■ **What this task involves**
Write out the full listing exactly as given, minus the images.
━━ Information shown ━━
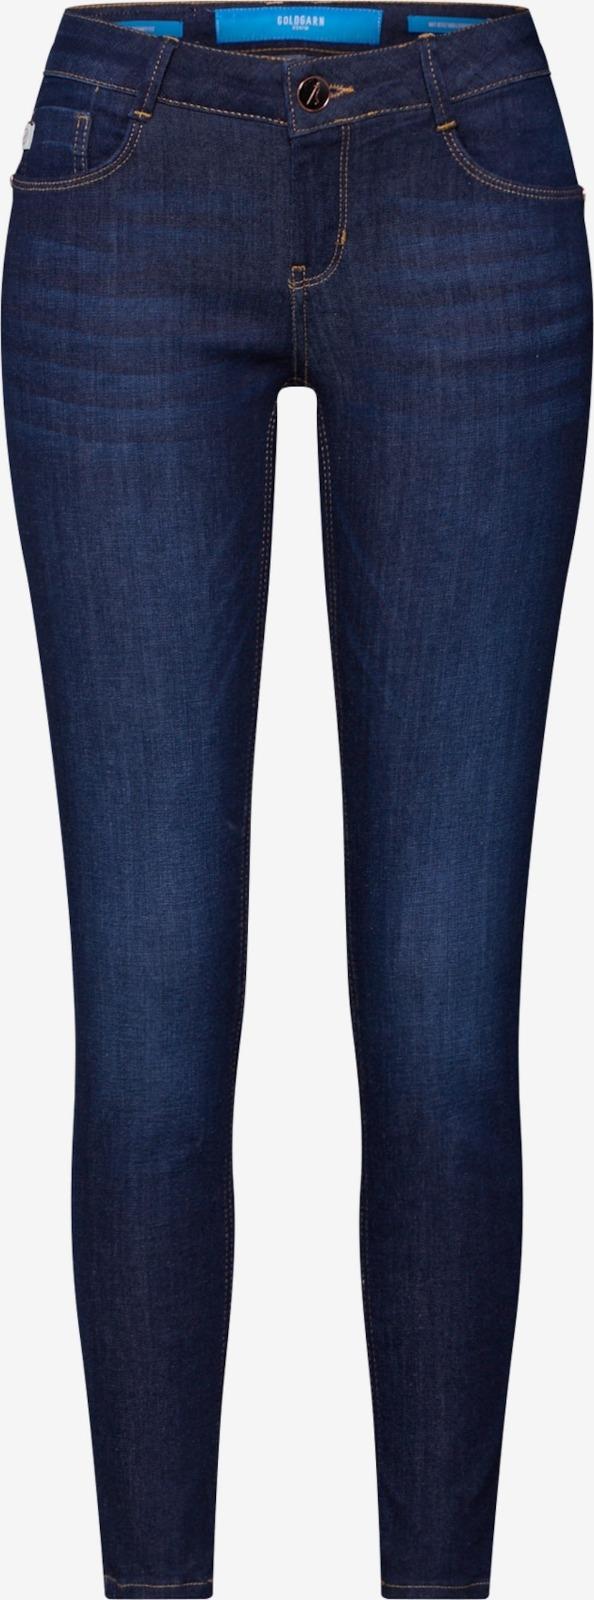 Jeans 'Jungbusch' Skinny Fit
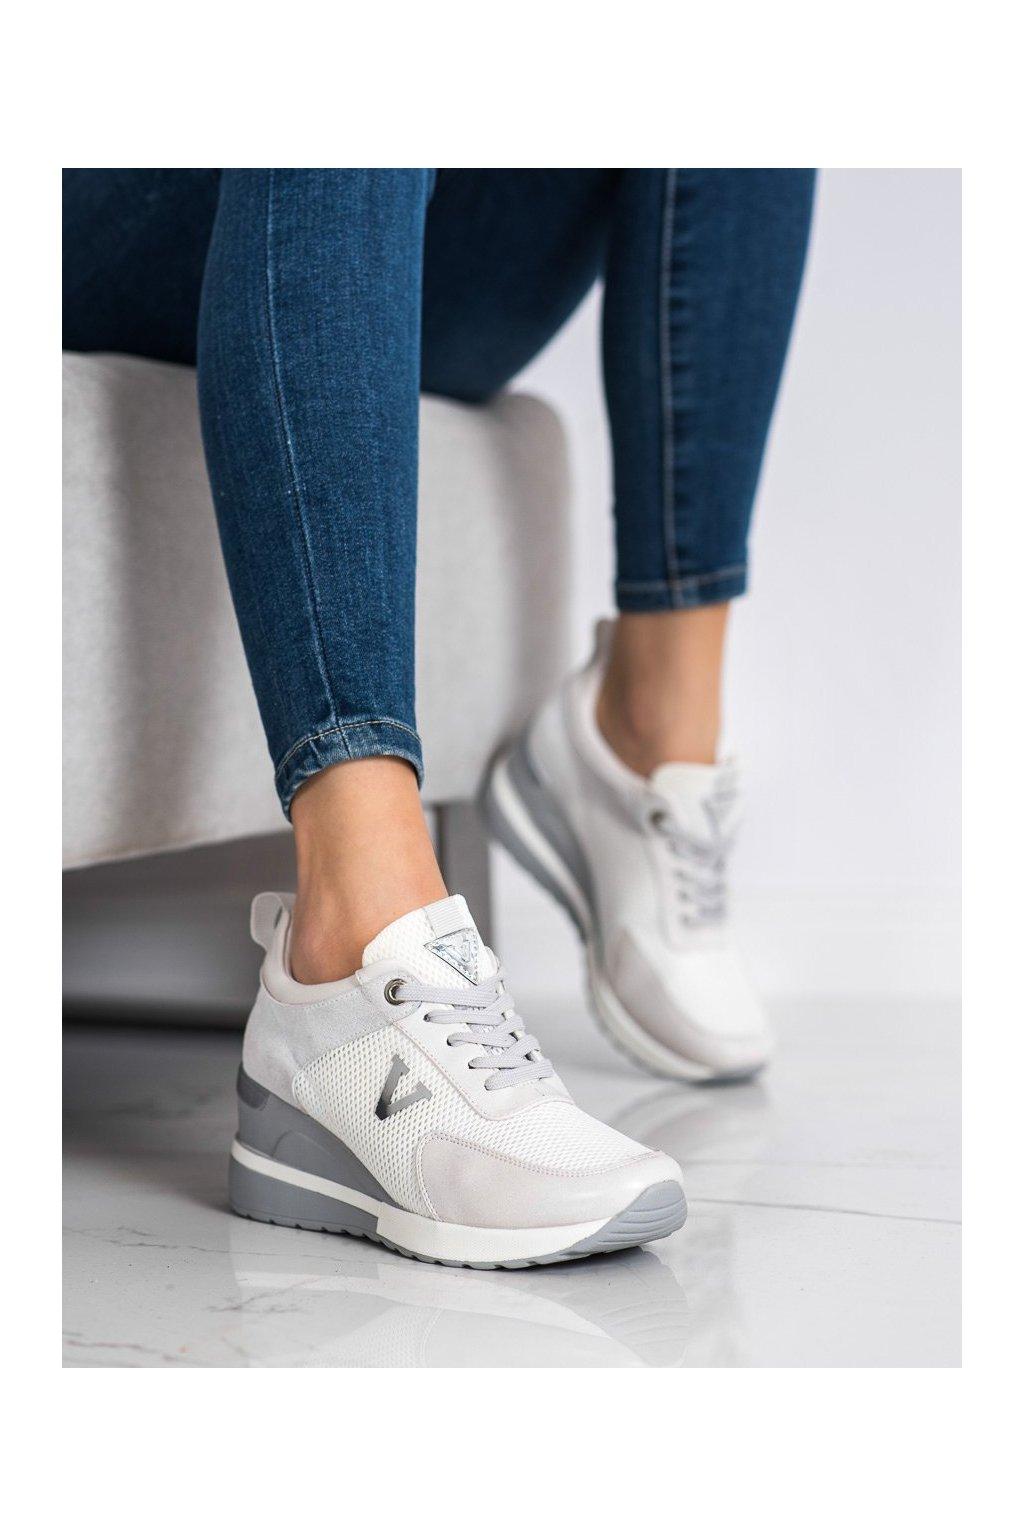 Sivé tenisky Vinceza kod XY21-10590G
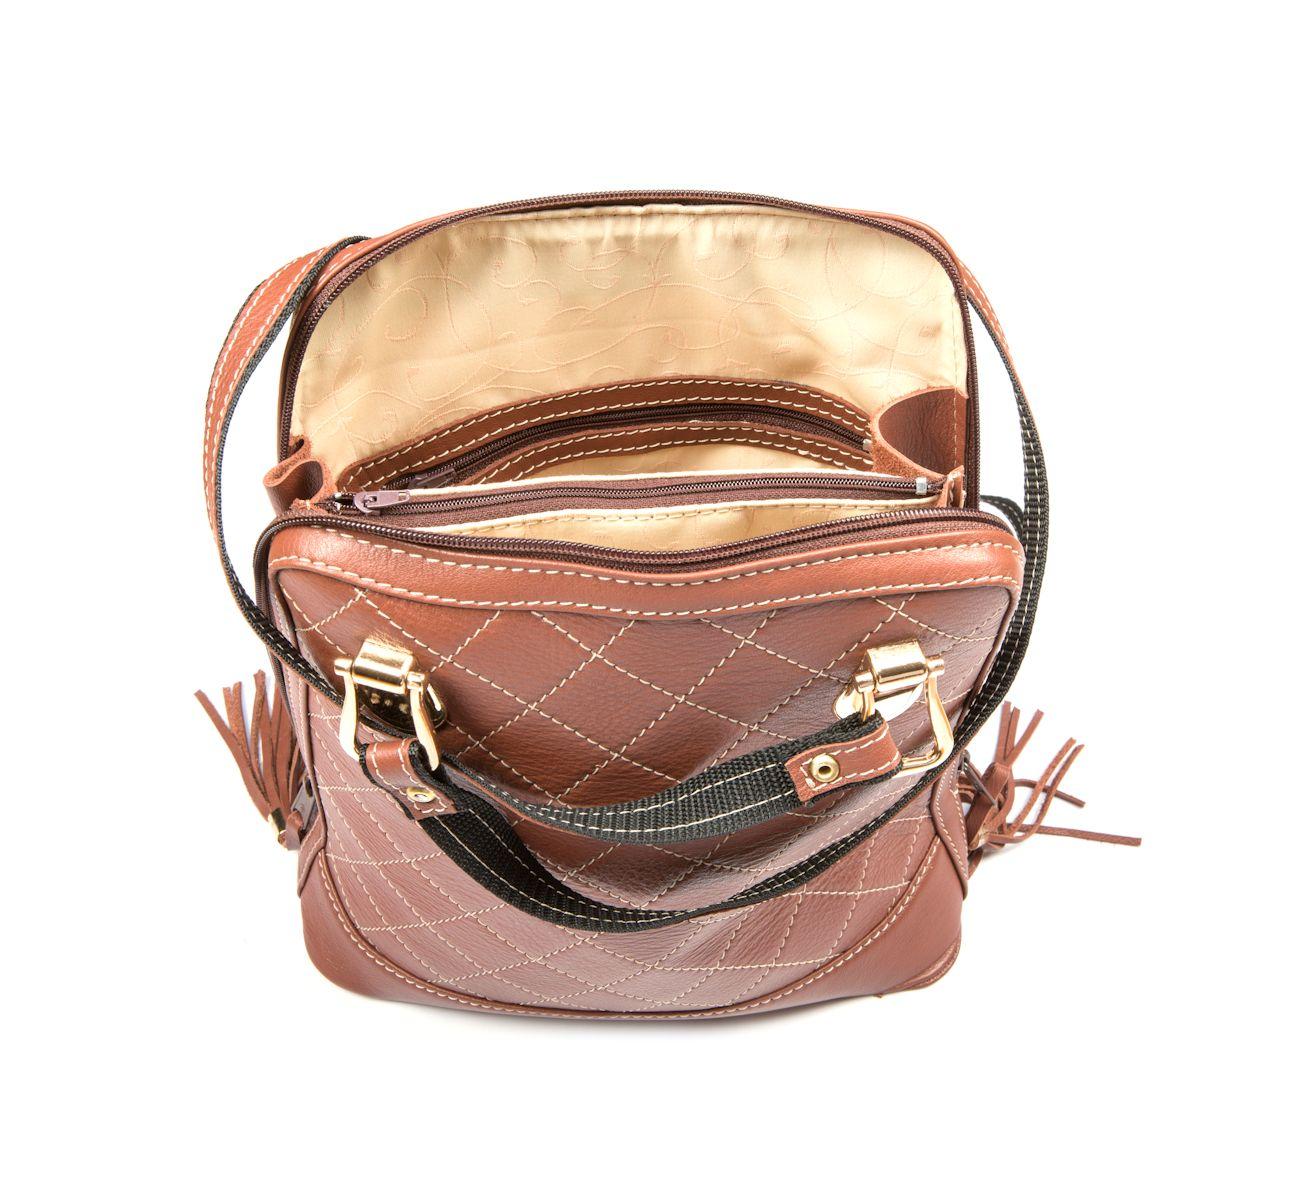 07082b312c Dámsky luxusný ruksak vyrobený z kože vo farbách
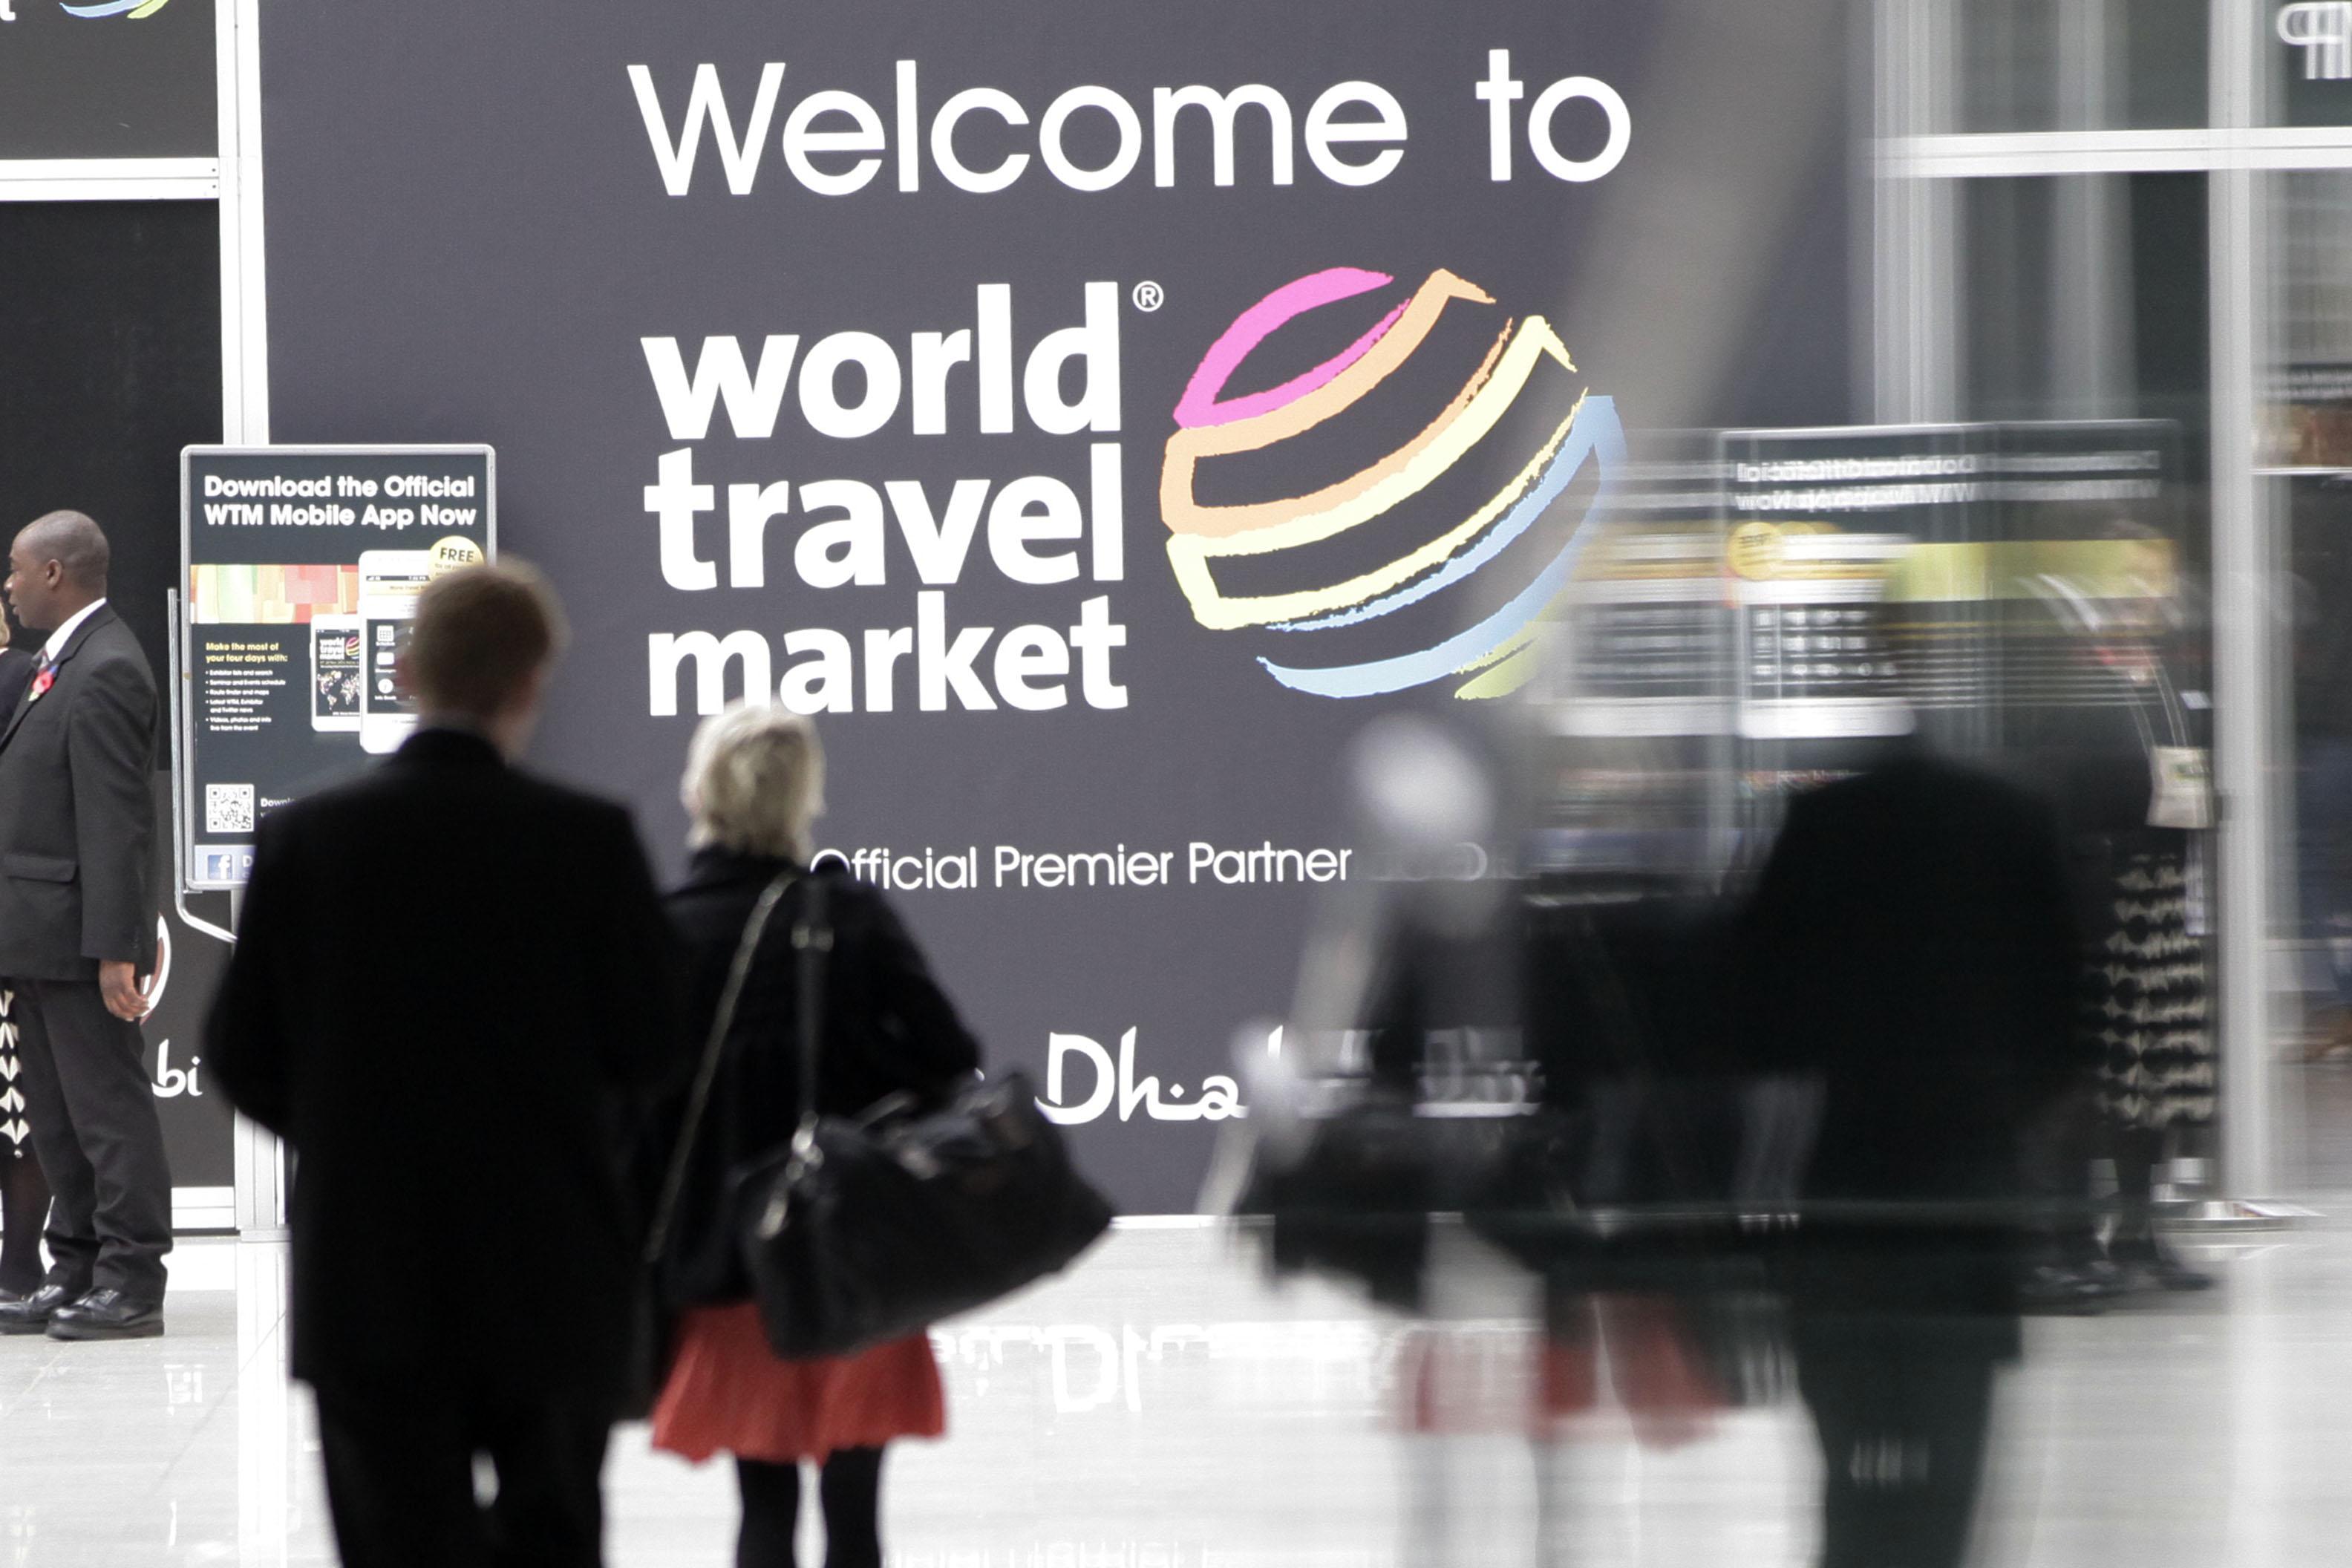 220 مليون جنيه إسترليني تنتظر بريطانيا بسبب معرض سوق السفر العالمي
━━━
■ **Result of this exercise**
 Jeans 'Jungbusch' Skinny Fit
 Sivé tenisky Vinceza kod XY21-10590G
 07082b312c Dámsky luxusný ruksak vyrobený z kože vo farbách
 220 مليون جنيه إسترليني تنتظر بريطانيا بسبب معرض سوق السفر العالمي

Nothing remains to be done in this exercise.